DDPG Tutorial

This is the code from Reinforcement Learning in Continuous Action Spaces | DDPG Tutorial (Pytorch) by Machine Learning with Phil.

Don't ask me why, but I typed all the code myself, following along with Phil's video. I made a few adjustments here and there, but it is 99% Phil's code. For comparison, here is Phil's actual code, which I did use to fix some typos I made.

Special thanks to Phil for personally helping me fix some bugs in my code.

What I Learned

The intention of this project was to learn more about how DDPG works and how to implement and apply it. That, I did learn.

I also learned that the difficulty in applying DDPG is in getting it to train in a stable manner. I used Phil's hyperparameters, but next time I should really perform grid searches on them to identify more stable sets.

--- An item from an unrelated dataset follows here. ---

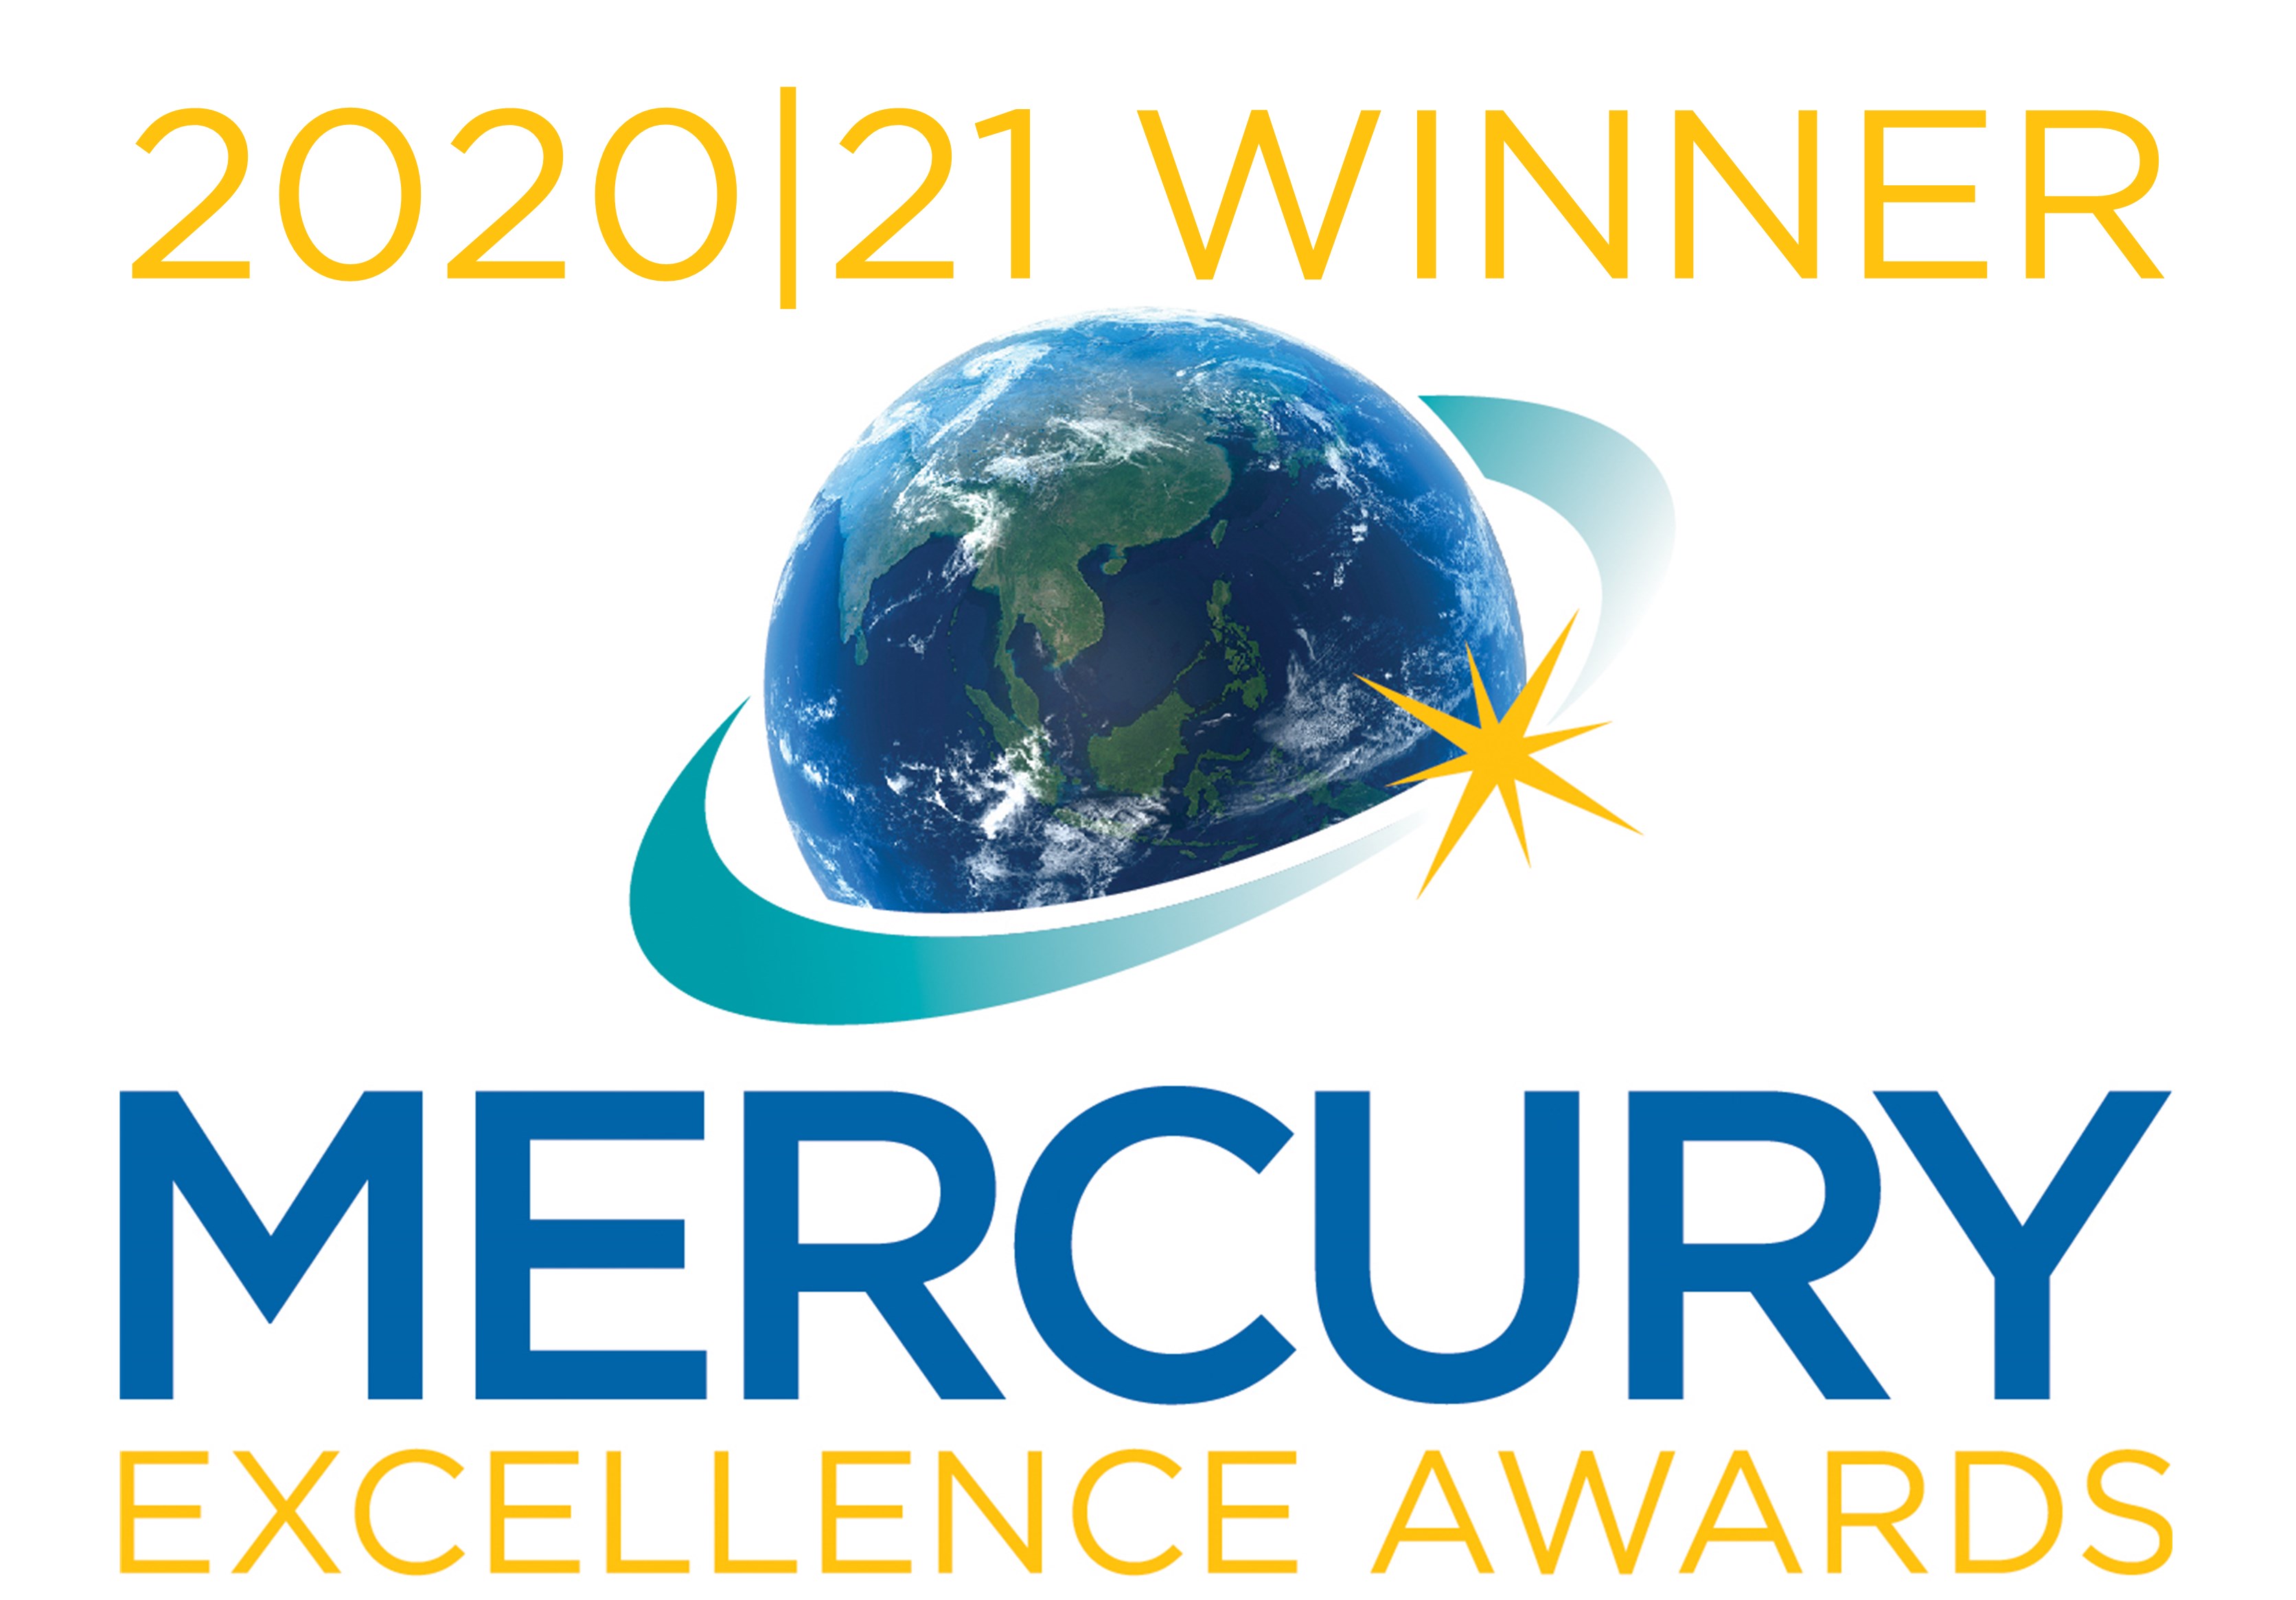 「活動與成就」短片<<無懼挑戰 邁步向前>>獲2020/2021 Mercury Excellence Awards頒發「影片 - 榮譽大獎」的最高殊榮
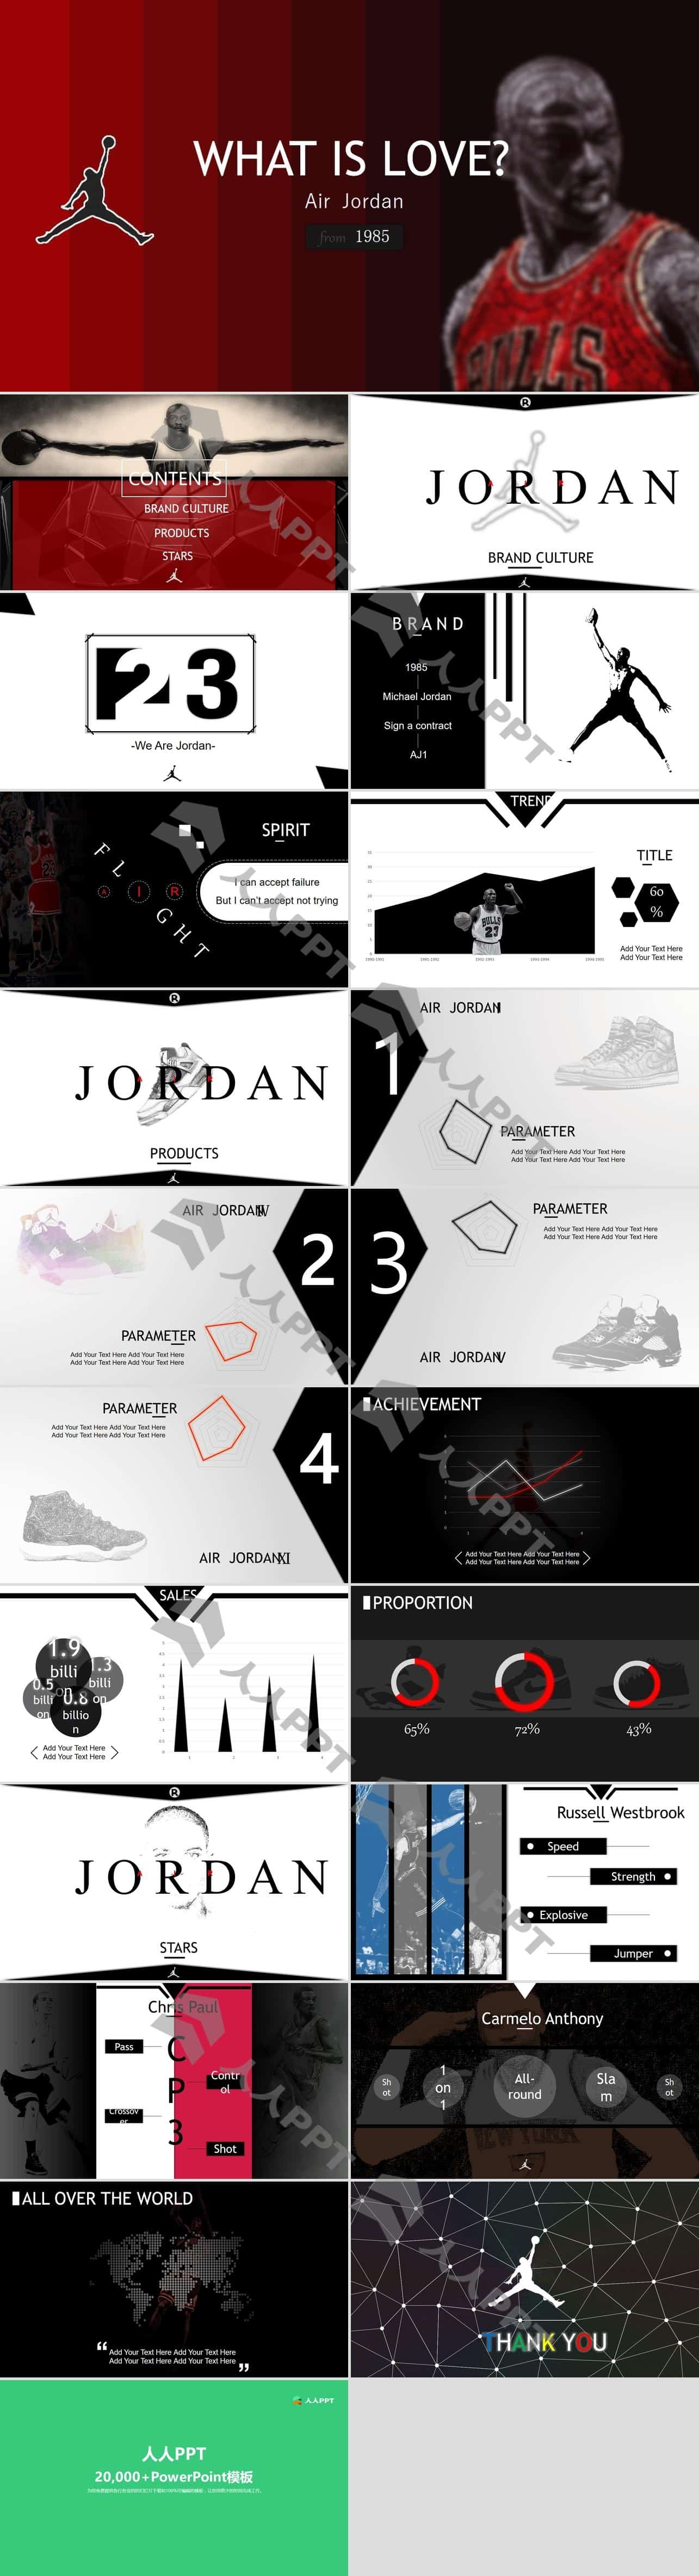 篮球运动品牌Jordan乔丹PPT模板长图

The lunar lander project showed me the dangers of having edge cases. Watching the game play, it is quite clear that the lander performs really well on most cases, but when it gets low and to the left or right of its landing spot, it just kind'a gives up. To me, this illustrates how important it is to have training data for all cases. It also illustrates de danger of using a reward graph over multiple episodes as a measure of success. The failures are masked by the great performance in happy cases.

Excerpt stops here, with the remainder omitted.